Stopping the Rise in Hormone Disruptors
Fortunately, scientists worldwide are now sounding the alarm over the dramatic rise in birth defects and reproductive deficiencies linked to endocrine disruptors. But there is much, much work to be done to safeguard human and animal health.
While Canada, Europe and other regions have taken steps to regulate or ban endocrine-disrupting compounds, the stranglehold that corporate lobbyists and campaign donors have over the U.S. Congress has stymied U.S. efforts to regulate many chemicals including hormone disruptors.
"For several well-studied endocrine disruptors, I think it is fair to say that we have enough data to conclude that these chemicals are not safe for human populations," Laura Vandenberg, a Tufts University developmental biologist, told the New York Times.
Many people, including scientists, aren't waiting for the government to act. John Peterson Myers, chief scientist at Environmental Health Sciences, no longer buys canned food because cans are usually lined with BPA.

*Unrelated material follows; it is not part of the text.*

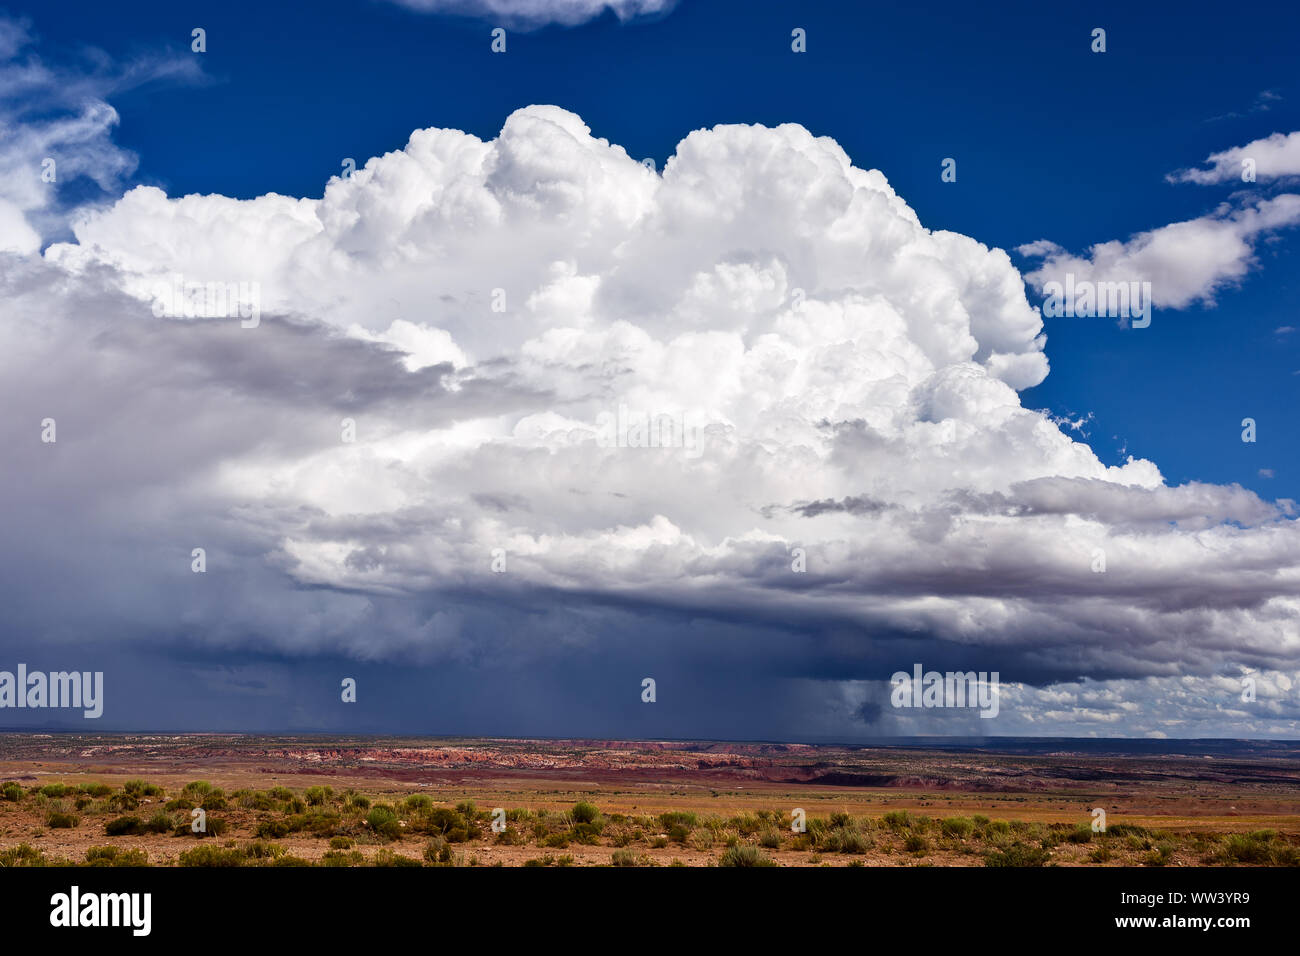 Facturant des nuages de cumulonimbus d'un orage en développement dans le ciel près de Nazlini, Arizona Banque D'Images

"We don't microwave in plastic," he told the Times. "We don't use pesticides in our house. I refuse receipts whenever I can. My default request at the A.T.M. ... is 'no receipt.' I never ask for a receipt from a gas station."
Why? Because receipts often have a film of BPA on them. The endocrine-disrupting chemical is so pervasive, and so troubling, that even scientists won't touch it. Will you?